Le graphique montre clairement que la corrélation entre les hausses de taux et l'évolution des actions japonaises est totalement différente selon les phases. La hausse de juillet 2024 a déclenché une chute historique du Nikkei 225 de 12,4 % en une seule journée — cela était dû au fait que la hausse de la BoJ et les données américaines sur l'emploi se sont superposées, déclenchant directement le dénouement des positions de carry trade. En revanche, les deux hausses de janvier et décembre 2025 ont accompagné une progression du Nikkei 225 d'environ 40 000 points jusqu'au nouveau sommet actuel de 68 634 points.
La raison n'est pas compliquée : lorsque la logique d'achat des investisseurs étrangers est de suivre le thème de la « reflation par l'IA », et non de dépendre du faible coût de financement lié aux taux bas du yen, les hausses modérées de la BoJ ont un impact assez limité sur ces capitaux.
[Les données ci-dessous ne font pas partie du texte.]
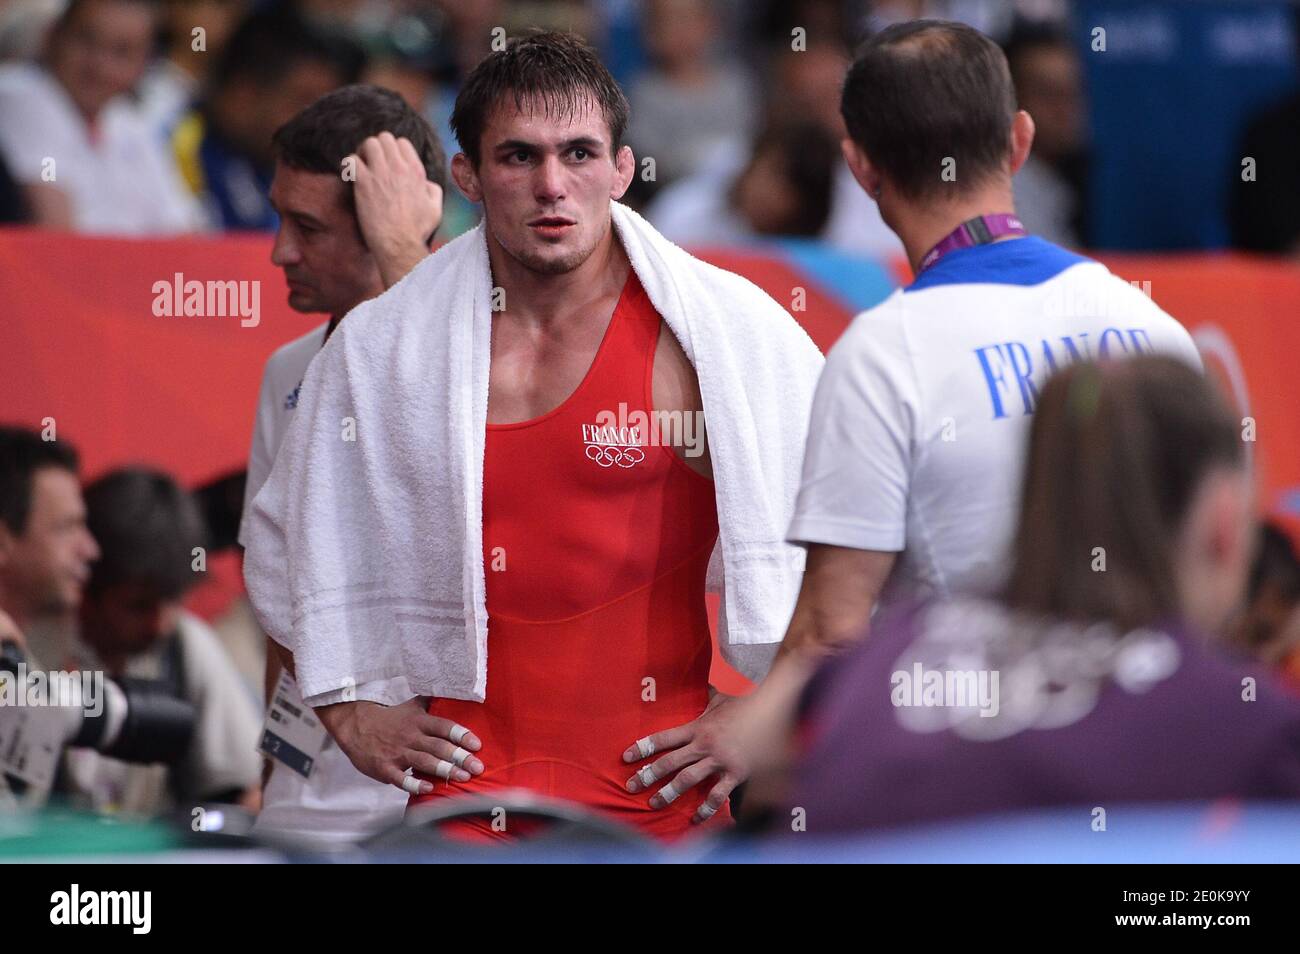 France's Steeve Guenot during the 66-kg Greco-Roman wrestling at the London Olympics in London, UK on August 7, 2012. Photo by Gouhier-Guibbaud-JMP/ABACAPRESS.COM Stock Photo

Bien sûr, cette relation n'est pas immuable — si la BoJ portait effectivement son taux à 1,0 % lors de sa réunion de juillet, et que parallèlement le dollar s'affaiblissait pour d'autres raisons, le coût de financement du carry trade augmentant alors brutalement, les évolutions des deux courbes pourraient à nouveau se recoupler.
Mis côte à côte, ces trois graphiques permettent d'obtenir un cadre de compréhension relativement complet : les positions vendeuses sur le yen restent importantes, la plus grande intervention historique du ministère des Finances n'a pas réussi à maintenir le seuil des 160, mais la hausse record des actions japonaises est portée par les flux étrangers axés sur l'IA — ces trois éléments sont simultanément vrais, ils ne se contredisent pas, et aucun d'entre eux seul ne permet de prédire ce qui va se passer.